Страница: 9/12
Далее Михайловский выделяет две формы: автоматическое подражание и автоматическое повиновение, разница между которыми сводится к различию в степени подавленности сознания. Повинующийся автомат способен воспринимать приказание, которое до сознания автомата подражающего не доходит. Так как разница здесь только в степени, то одна форма может переходить в другую, при благоприятных для этого условиях.
В девятой части своей работы Михайловский решает показать богатство средних веков на нравственные эпидемии, и в количественном, и в качественном отношениях.
“В средние века ни одна странность, как бы она ни была нелепа, ни один почин, как бы он ни был фантастичен, не оставались без более или менее значительного числа подражателей, так что история вынуждена была занести соответственные события на свои страницы. Авантюрист, чудак, больной, выскочка тотчас становился героем. Около него тотчас же группировалась толпа и, глядя на него, плясала или молилась, убивала людей или самобичевалась, предавалась посту и всяческому воздержанию или, напротив, крайней разнузданности страстей.”[10]

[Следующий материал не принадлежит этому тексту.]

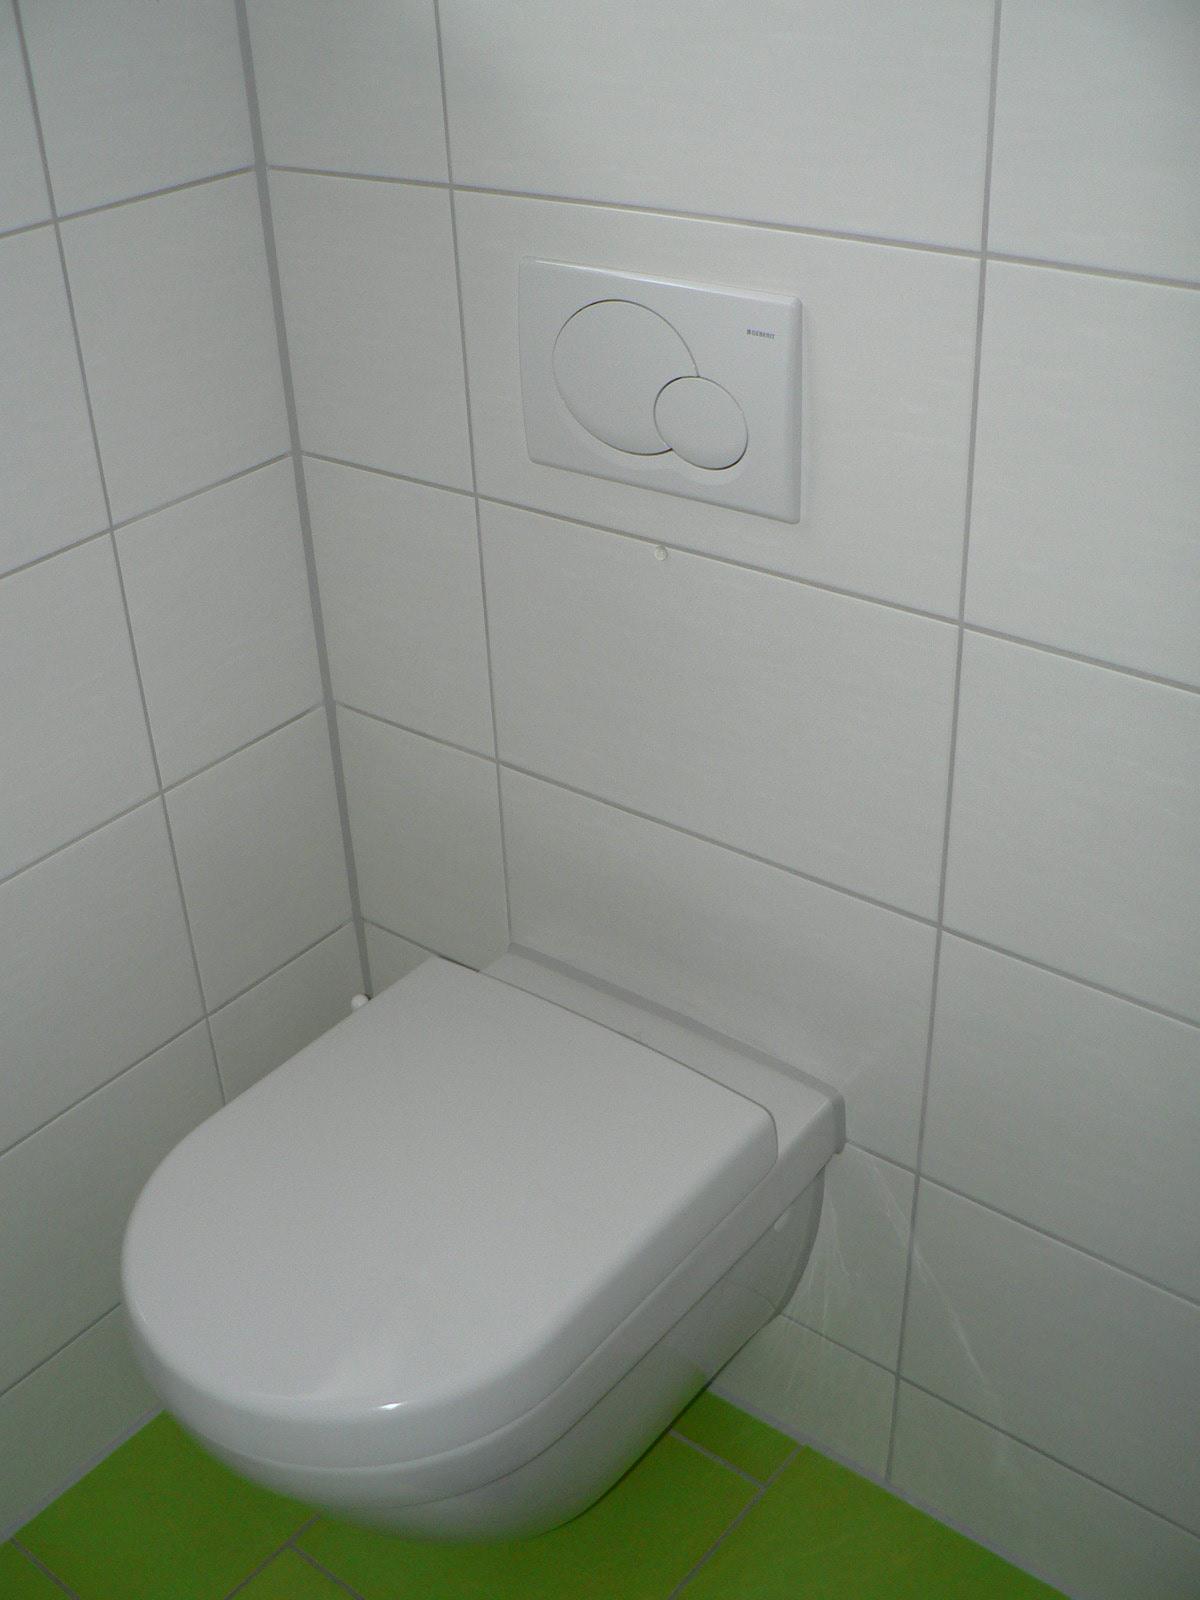 gerd nolte heizung sanit r g ste wc mit rund dusche. Black Bedroom Furniture Sets. Home Design Ideas

“Близко к истине стоит Мишле в главе «Отчего средние века пришли в отчаяние» в известной книге: «В течение целых десяти столетий тоска, неизвестная прежним временам, держала средние века в состоянии не то бодрствования, не то сна, и над людьми господствовала конвульсия скуки, называемая зевотой. Пусть неустанный колокол звонит в привычные часы — люди зевают; пусть тянется старое латинское пение в нос — люди зевают. Все предвидено, надеяться не на что, дела будут идти все так же. Несомненная скука завтрашнего дня заставляет зевать уже сегодня, и перспектива будущих дней, годов скуки ложится тяжелым
Сами гордые бароны, гнездившиеся в замках с высокими стенами и глубокими рвами, выезжавшие оттуда только для грабежа и турниров и опять прятавшиеся за свои стены, были обречены на ту же истому однообразия, а их жены и подавно. Вообще, всякая личная жизнь, отлившись в однообразные, узкие формы, замерла.
Но Мишле находит еще другую причину, «отчего средние века пришли в отчаяние»: необеспеченность личности. Несмотря на неподвижность форм, в которые отлилась средневековая личная жизнь, всякий свободный человек мог оказаться вассалом, вассал — слугой, слуга — рабом, сервом. Фактически это, конечно, верно, но едва ли справедливо переносить теперешнюю европейскую жажду личной свободы на средневековые нравы. Без сомнения, и тогда были люди, считавшие личную свободу благом и гнушавшиеся всякого рода зависимостью. Но отнюдь не таково было общее правило. Вообще говоря, средневековой человек не тяготился зависимостью”
«Установление феодального порядка не встретило сопротивления со стороны массы народа .Почему же не восставали низшие классы против этой сполиации, когда на их стороне было численное превосходство, когда дело происходило в бурную, военную эпоху, в которую люди, имея вечно дело с мечом, могли не дорожить своей жизнью? Но в том-то и дело, что тогдашние люди представляли более примеров бессилия, нежели храбрости . Сознание собственного достоинства было развито в самой незначительной степени, и слабый беспрестанно унижался, раболепствовал перед сильным, говорил тоном раба: "Это были, как выразился один писатель, рабские души, развитые неблагоприятной судьбой"»
Однако «низшие классы» не раз восставали в средние века, как грозная буря, когда предел упругости человеческой души бывал, наконец, превзойден, когда гнет и насилие поднимались свыше всякой меры терпения. И с течением времени вся вавилонская башня средневековой иерархии была подкопана и, наконец, рухнула со страшным громом. Что же касается форм и результатов борьбы, то и они носили на себе неизгладимую печать средневековья в его наиболее типических чертах — повиновения и подражания. Мы можем, кажется, теперь с уверенностью сказать, что так и должно было быть ввиду однообразия скудости и постоянства впечатлений средневекового человека.
Но вот поднимается настоящее народное восстание, грозящее, кажется, перевернуть вверх дном все общество. Вот, например, восстают во Франции XIV века десятки тысяч крестьян. Измученные, голодные, избитые, мужья, отцы и братья опозоренных жен, дочерей, сестер, они додумались, наконец, что они такие же люди, как и бароны: Они грабили и разоряли замки феодалов, избивали их самих, их семьи. Разгром был страшный. Но, как рассказывает летописец (Фруассар), «когда их спрашивали, зачем они так поступают, они отвечали, что не знают, а делают так, как другие и думают, что надо таким образом истребить всех дворян на свете». Этот пример чрезвычайно типичен, для средневековых массовых движений, когда характерно было отсутствие выдержки, плана, цели, направления и то преобладание повиновения и подражания, которые так ясно выразились в жакерии XIV столетия.